Entries supplied:

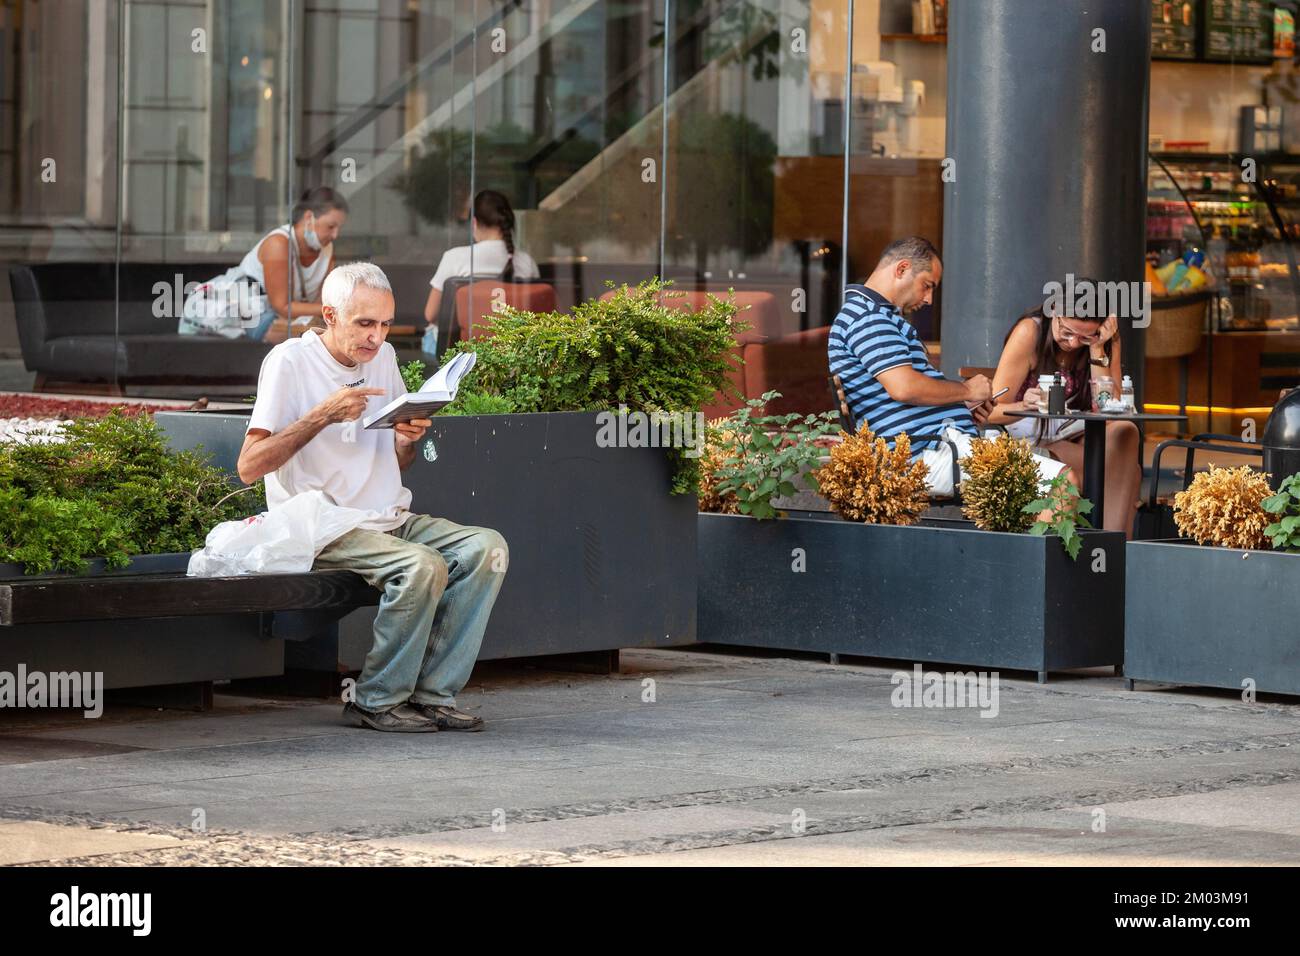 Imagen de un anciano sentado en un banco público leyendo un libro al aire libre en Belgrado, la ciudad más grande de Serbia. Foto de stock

* * *

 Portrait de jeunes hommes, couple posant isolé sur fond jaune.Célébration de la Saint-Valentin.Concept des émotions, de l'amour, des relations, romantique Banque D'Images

==

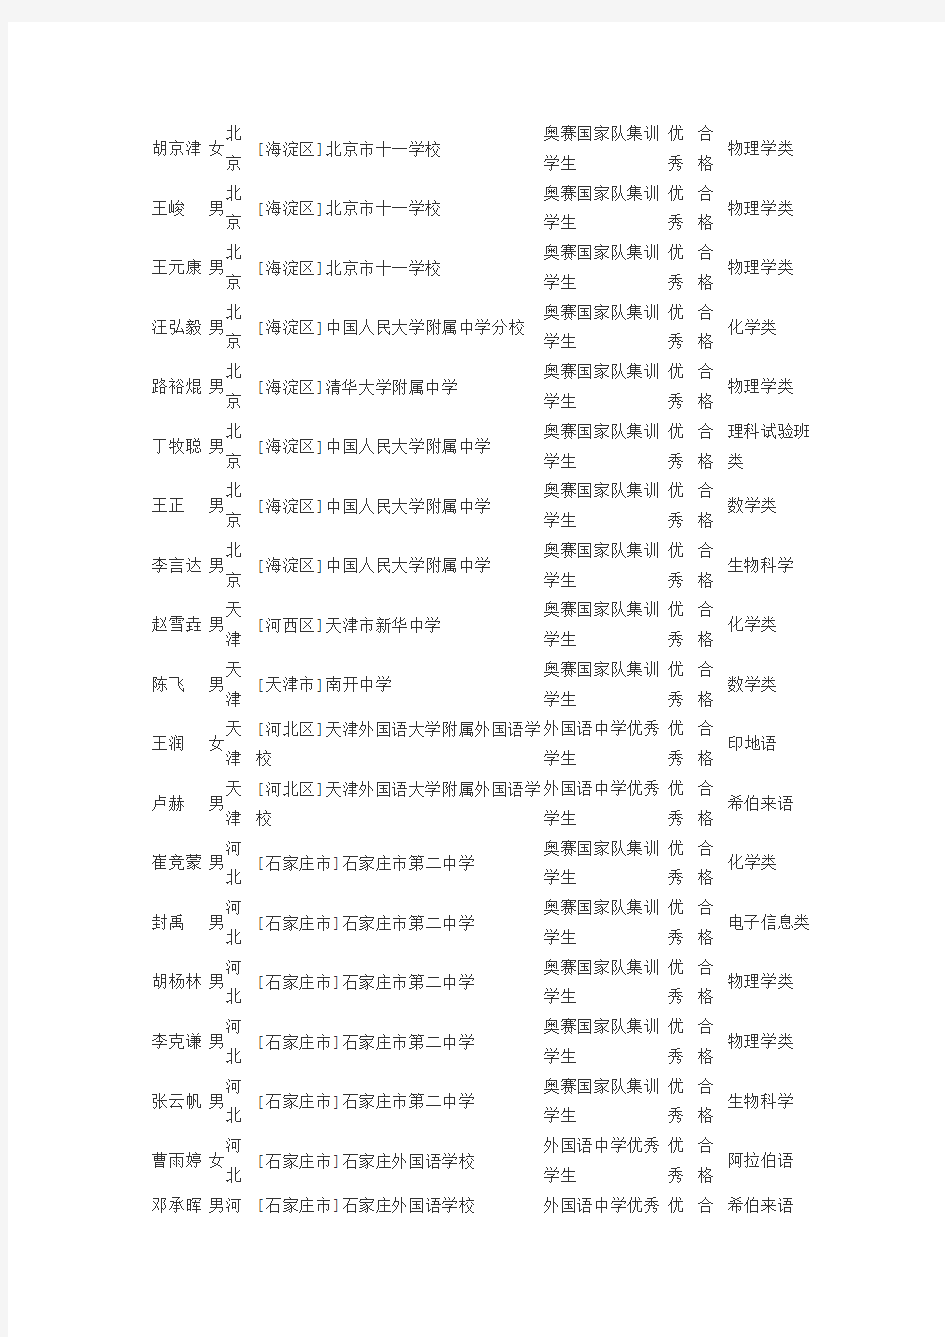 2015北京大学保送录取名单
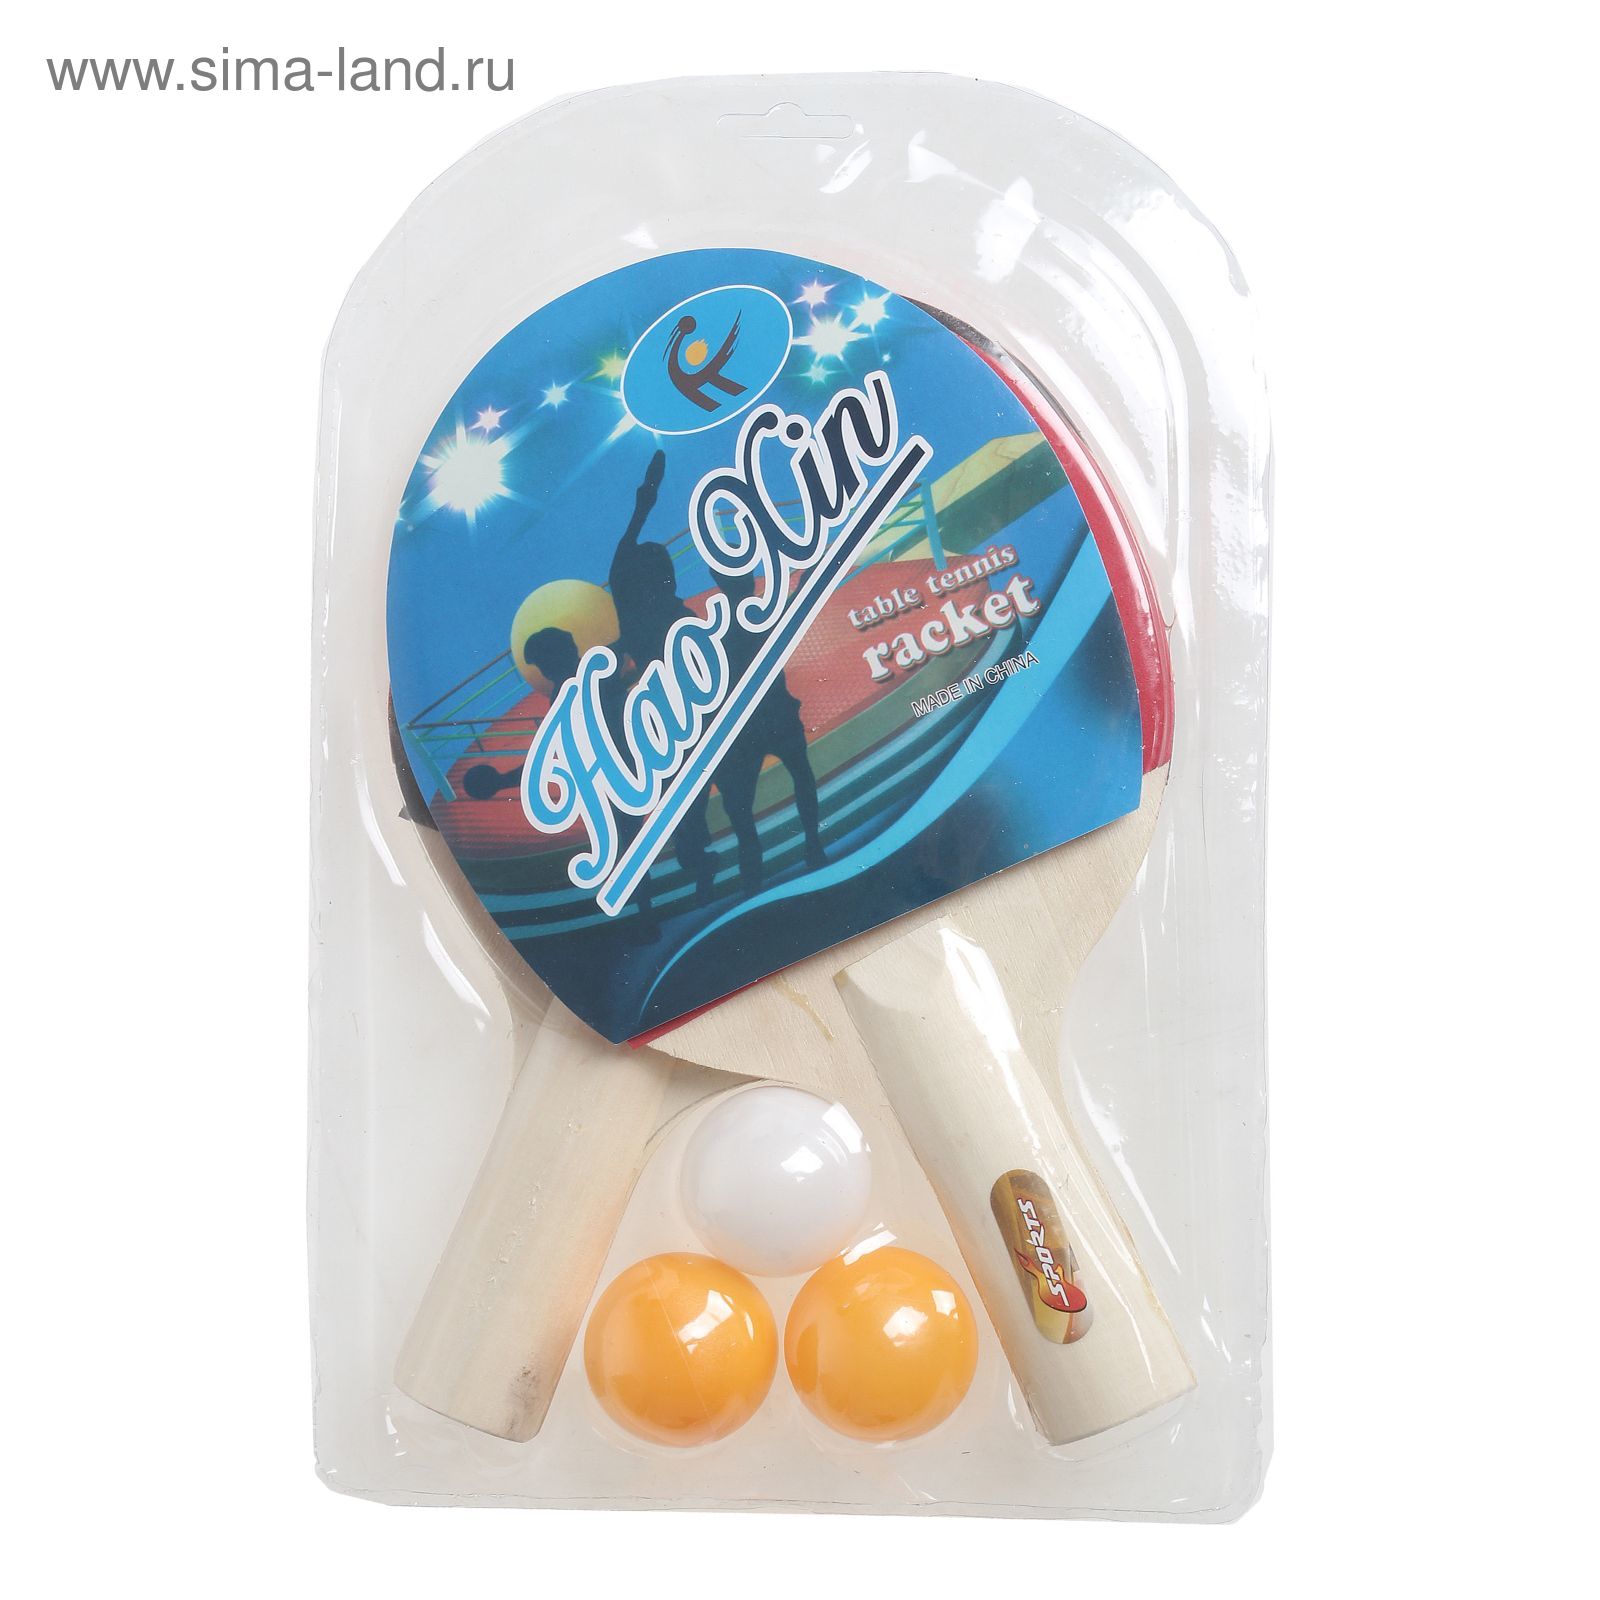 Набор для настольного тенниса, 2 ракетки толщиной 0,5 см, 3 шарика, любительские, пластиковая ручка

The task: From the records above, give again only the part that opens with the line containing "2015北京大学保送录取名单" and closes with the line containing "Набор для настольного". Keep both ends but drop the pictures.

Expected answer:
 2015北京大学保送录取名单
 Набор для настольного тенниса, 2 ракетки толщиной 0,5 см, 3 шарика, любительские, пластиковая ручка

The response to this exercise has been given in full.